EXERCISE DATA:
*** Block opens ***
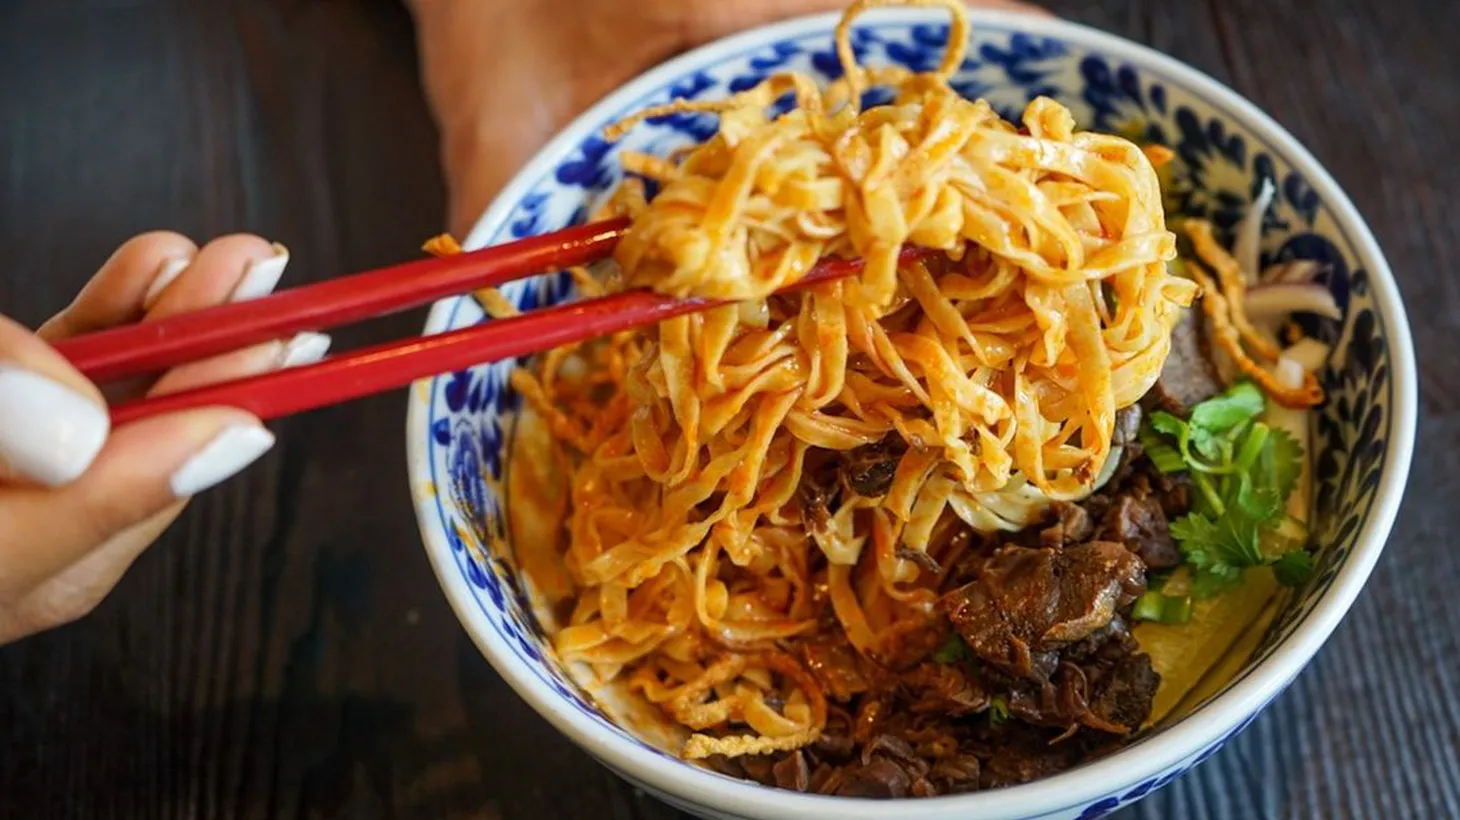 At Chao Krung, Chinese dishes like chow mein and egg foo young have been replaced by Thai dishes such as khao soi noodles.
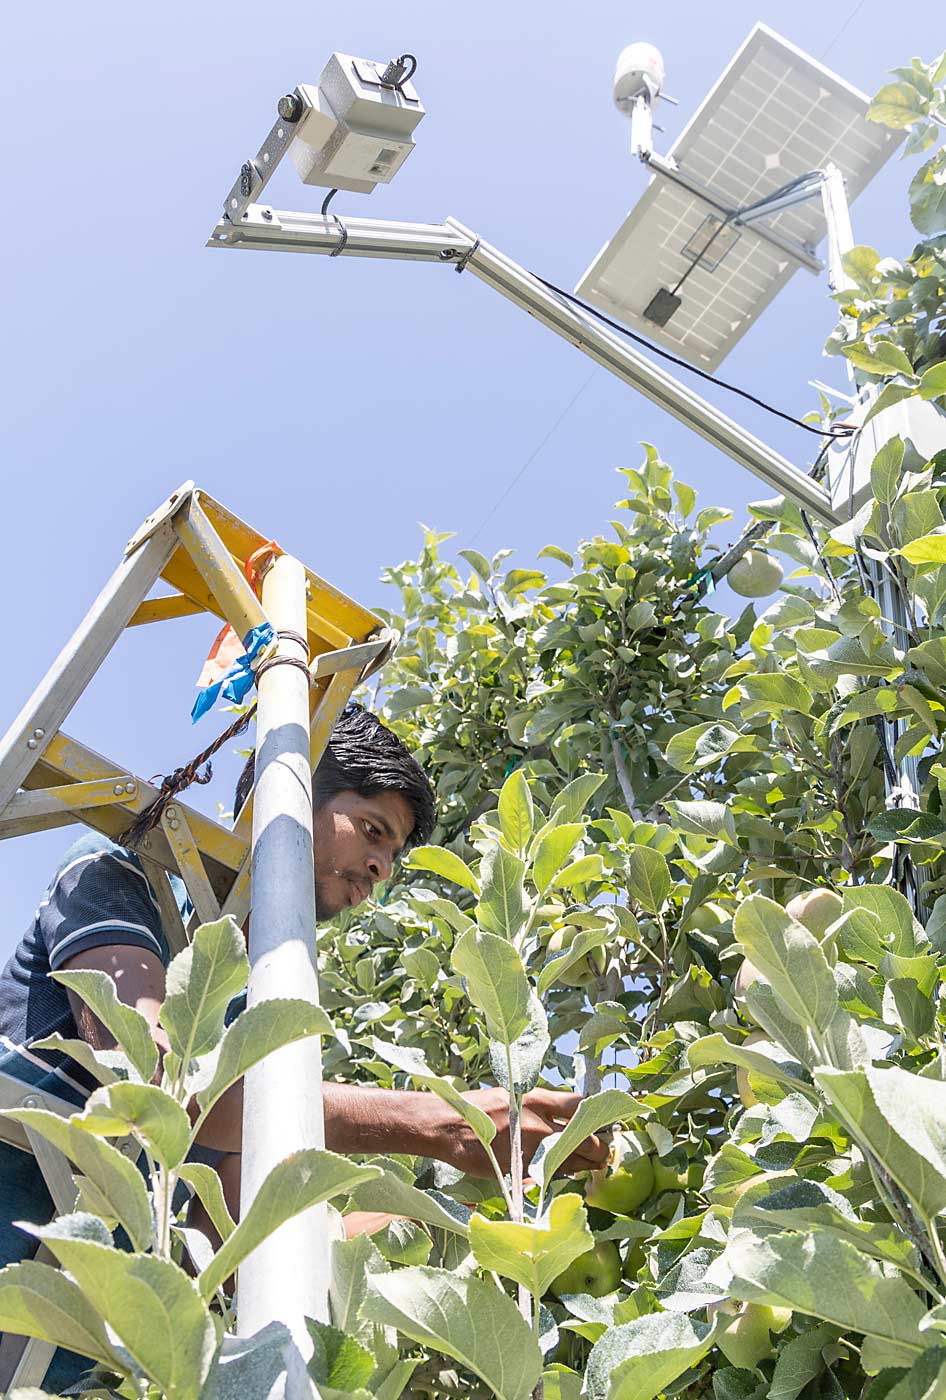 Washington State University graduate student Basavaraj Amogi measures fruit growth in a Prosser, Washington, orchard outfitted with fruit surface temperature sensors and in-canopy weather sensors that could be used to trigger cooling systems before risk thresholds are exceeded. (Kate Prengaman/Good Fruit Grower)
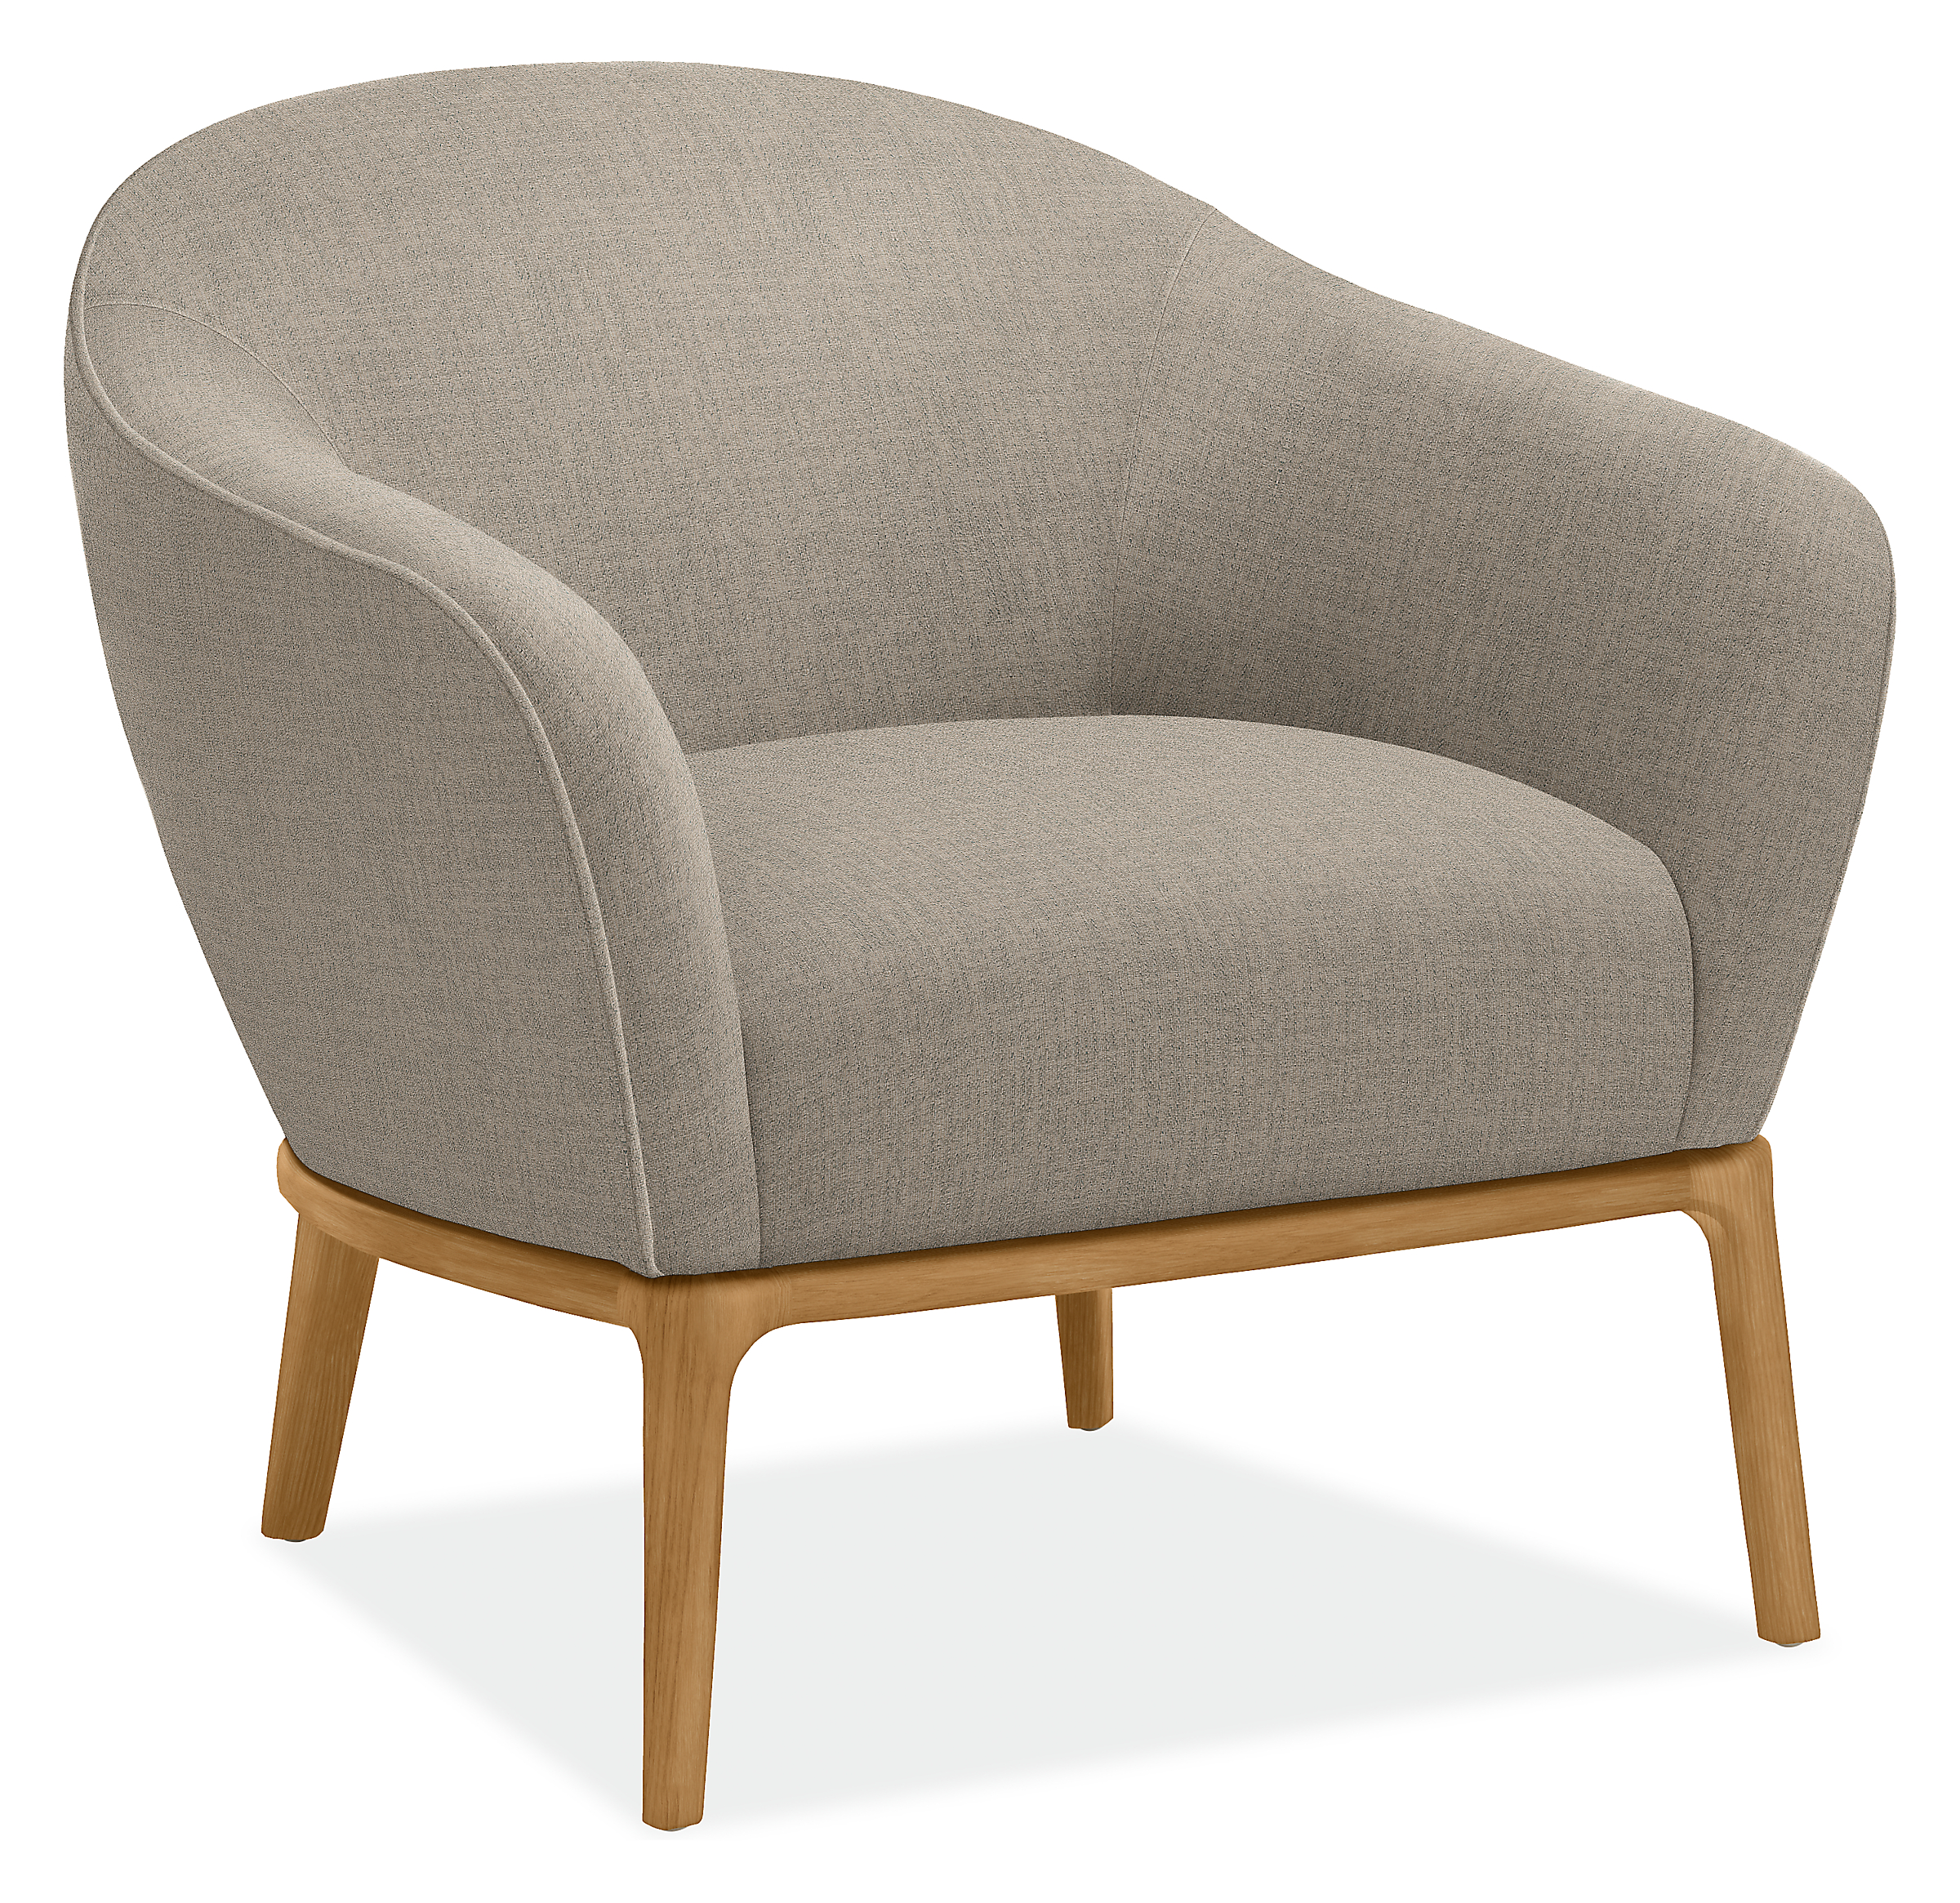 Sadie Chair in Etch Grey with White Oak Frame
*** Block closes ***
AIM OF THE EXERCISE:
Without the pictures, print the whole listing exactly as given.

ANSWER TO THE EXERCISE:
 At Chao Krung, Chinese dishes like chow mein and egg foo young have been replaced by Thai dishes such as khao soi noodles.
 Washington State University graduate student Basavaraj Amogi measures fruit growth in a Prosser, Washington, orchard outfitted with fruit surface temperature sensors and in-canopy weather sensors that could be used to trigger cooling systems before risk thresholds are exceeded. (Kate Prengaman/Good Fruit Grower)
 Sadie Chair in Etch Grey with White Oak Frame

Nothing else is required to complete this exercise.